Buying drive and still confused

I have a mybook 1112.  It has worked perfectly for 2 years!  I don’t think I ever installed smartware.  If I remenber correctly, I plugged the drive in, the virtual cd appeared.  It appears in finder and on the desktop.  I’ve ignored it ever since.  I simply went to disk utility and partitioned the disk the way I wanted it.  I’m not sure this cavalier approach will work in my current situation.

I’m thinking I want a mybook studio 4T but I think it comes as Mac formated Raid 0.  I think this means that when I do a write some data will go on one internal drive some on the other internal drive and I won’t know which drive it is on.  So if I want to replace one of the internal drives I won’t know what data is being removed.

In an earlier thread trythesefirst suggested that I could change the settings to JABOD (just a bunch of data) and then I would know where the data was being written.  Do I have to install smartware to change the settings? 
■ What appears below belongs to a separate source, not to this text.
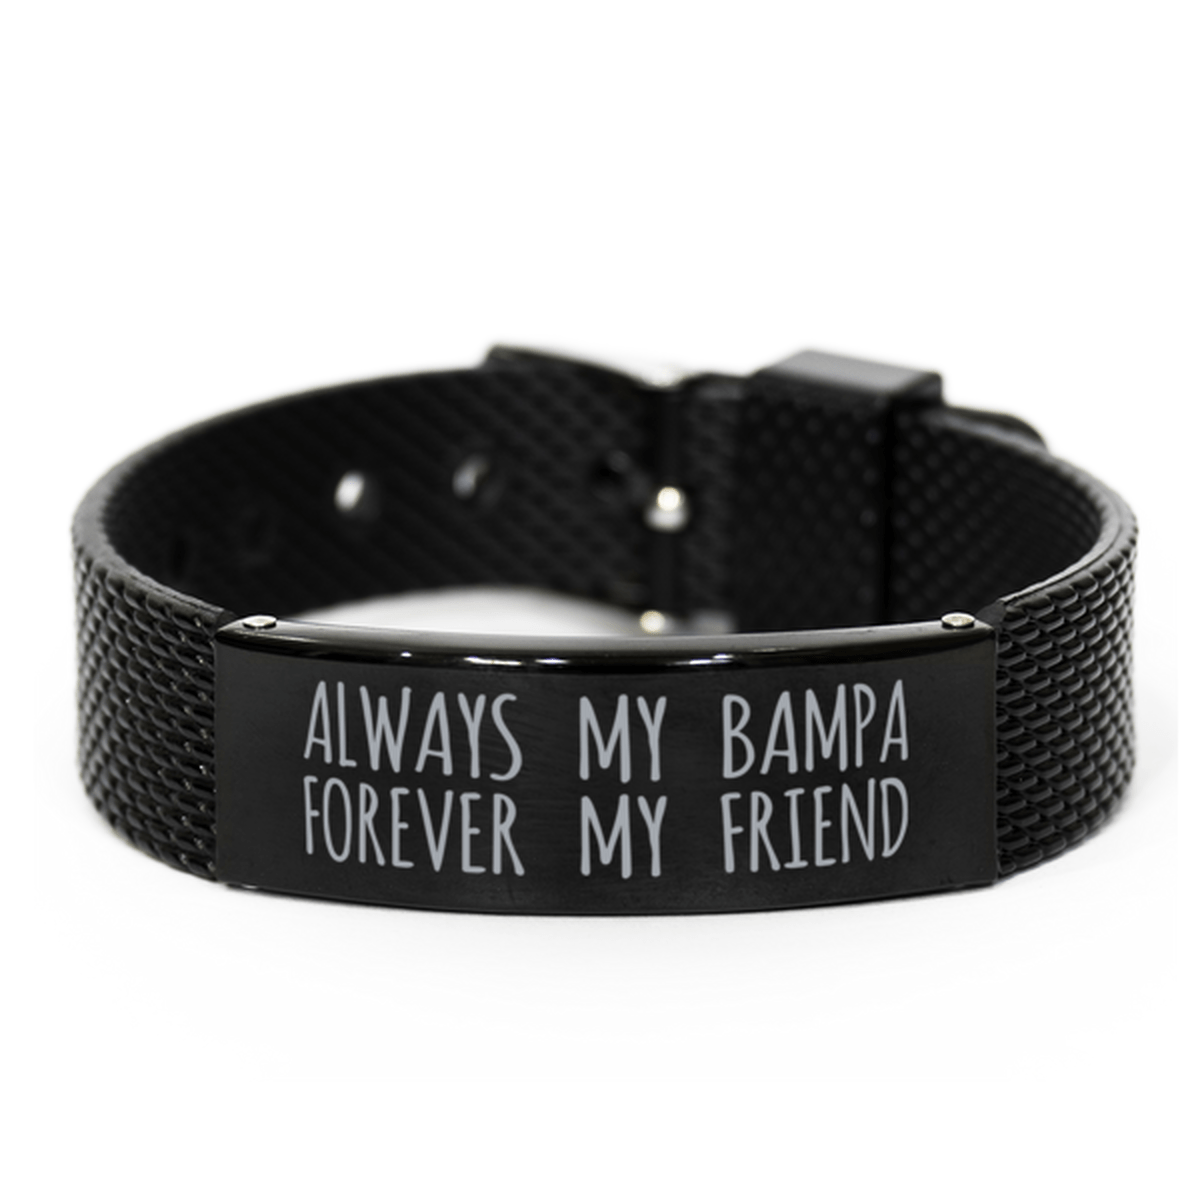 Inspirational Bampa Black Shark Mesh Bracelet, Always My Bampa Forever My Friend, Best Birthday Gifts for Family Friends

I don’t know that much about RAID. I think RAID 0 the data is written across both drives so it’s not on just one drive. RAID 1 the data is written to one drive and mirrored to the second. RAID 0 the drive capacity is the 2 drives add together so two 1T drives would be 2Ttotal. RAID 1 the two 1T drives are 1T. Does the studio come with the RAID manager in it’s software? I’ve got an old MY Book Pro and you select the RAID configuration there when you setup the drive.

Joe

Joe:

Your understanding of RAID is the same as mine.  I see if I go to the Mac disk utility I can select 3 different RAID settings.  1. mirrored which is RAID1  2. stripped which is RAID0 and 3. concatenated disk which allows you to concatenate or combine several disks or paritions into one.  In Mac help they refer to the 3rd option as JBOD (just a bunch of disk).   If I start up disk utility with a mybook studio II 4T plugged in, is there any setting that allows me to see the 2 internal drives seperately?  My goal is to be able to replace the internal drives seperately without destroying data.

http://searchstorage.techtarget.com/definition/RAID just to give you an idea.

You can change the raid setting using the raid manager preinstalled in wd utilities I believe.